![Redis](https://redis.io/wp-content/uploads/2024/04/Logotype.svg?auto=webp&quality=85,75&width=120)

# Working Memory

## Introduction

This notebook demonstrates how to implement working memory, which is session-scoped data that persists across multiple turns of a conversation. Working memory stores conversation messages and task-related context, giving LLMs the knowledge they need to maintain coherent, context-aware conversations.

### Key Concepts

- **Working Memory**: Persistent storage for current conversation messages and task-specific context
- **Long-term Memory**: Cross-session knowledge (user preferences, important facts learned over time)
- **Session Scope**: Working memory is tied to a specific conversation session
- **Message History**: The sequence of user and assistant messages that form the conversation

### The Problem We're Solving

LLMs are stateless - they don't inherently remember previous messages in a conversation. Working memory solves this by:
- Storing conversation messages so the LLM can reference earlier parts of the conversation
- Maintaining task-specific context (like current goals, preferences mentioned in this session)
- Persisting this information across multiple turns of the conversation
- Providing a foundation for extracting important information to long-term storage

Because working memory stores messages, we can extract long-term data from it. When using the Agent Memory Server, extraction happens automatically in the background based on a configured strategy that controls what kind of information gets extracted.

In [5]:
# Install the Redis Context Course package
import subprocess
import sys
import os

# Install the package in development mode
package_path = "../../reference-agent"
result = subprocess.run([sys.executable, "-m", "pip", "install", "-q", "-e", package_path], 
                      capture_output=True, text=True)
if result.returncode == 0:
    print("✅ Package installed successfully")
else:
    print(f"❌ Package installation failed: {result.stderr}")
    raise RuntimeError(f"Failed to install package: {result.stderr}")

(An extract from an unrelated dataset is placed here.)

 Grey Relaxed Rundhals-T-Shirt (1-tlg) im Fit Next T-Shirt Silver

✅ Package installed successfully


In [6]:
import os
from dotenv import load_dotenv

# Load environment variables from .env file
load_dotenv()

# Verify required environment variables are set
if not os.getenv("OPENAI_API_KEY"):
    raise ValueError(
        "OPENAI_API_KEY not found. Please create a .env file with your OpenAI API key. "
        "See SETUP.md for instructions."
    )

print("✅ Environment variables loaded")
print(f"   REDIS_URL: {os.getenv('REDIS_URL', 'redis://localhost:6379')}")
print(f"   AGENT_MEMORY_URL: {os.getenv('AGENT_MEMORY_URL', 'http://localhost:8000')}")
print(f"   OPENAI_API_KEY: {'✓ Set' if os.getenv('OPENAI_API_KEY') else '✗ Not set'}")

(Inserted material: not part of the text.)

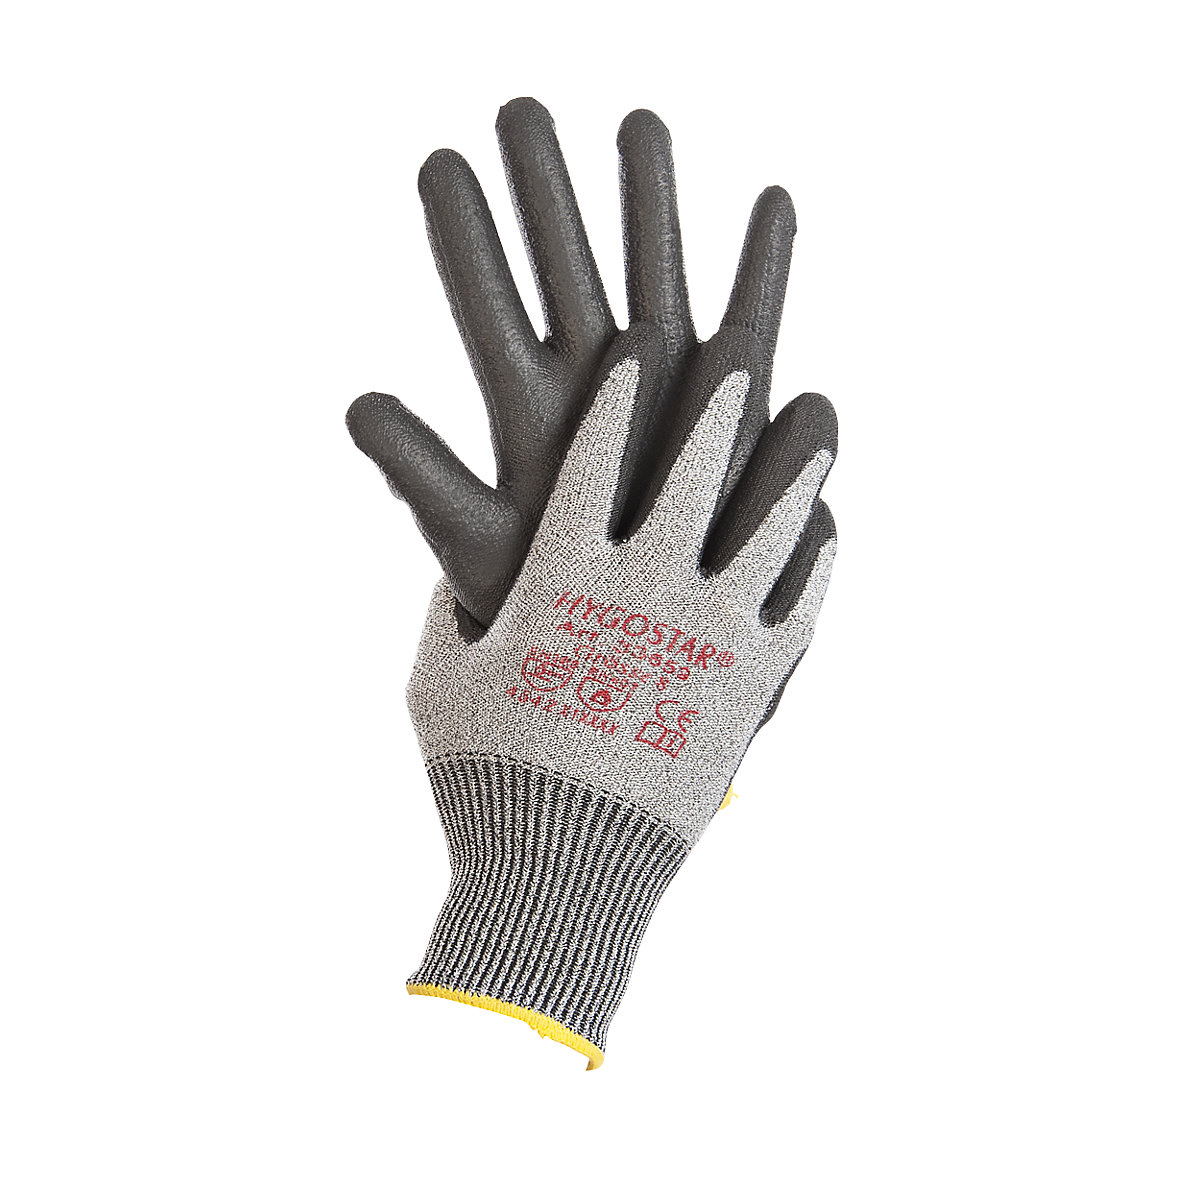 CUT SAFE cut protection gloves

## 1. Working Memory Structure

Working memory contains the essential context for the current conversation:

- **Messages**: The conversation history (user and assistant messages)
- **Session ID**: Identifies this specific conversation
- **User ID**: Identifies the user across sessions
- **Task Data**: Optional task-specific context (current goals, temporary state)

This structure gives the LLM everything it needs to understand the current conversation context.

Let's import the memory client to work with working memory:

In [7]:
from redis_context_course import MemoryClient

print("✅ Memory server client imported successfully")

✅ Memory server client imported successfully


## 2. Storing and Retrieving Conversation Context

Let's see how working memory stores and retrieves conversation context:

In [8]:
import os
from agent_memory_client import MemoryClientConfig

# Initialize memory client for working memory
student_id = "demo_student_working_memory"
session_id = "session_001"
config = MemoryClientConfig(
    base_url=os.getenv("AGENT_MEMORY_URL", "http://localhost:8000"),
    default_namespace="redis_university"
)
memory_client = MemoryClient(config=config)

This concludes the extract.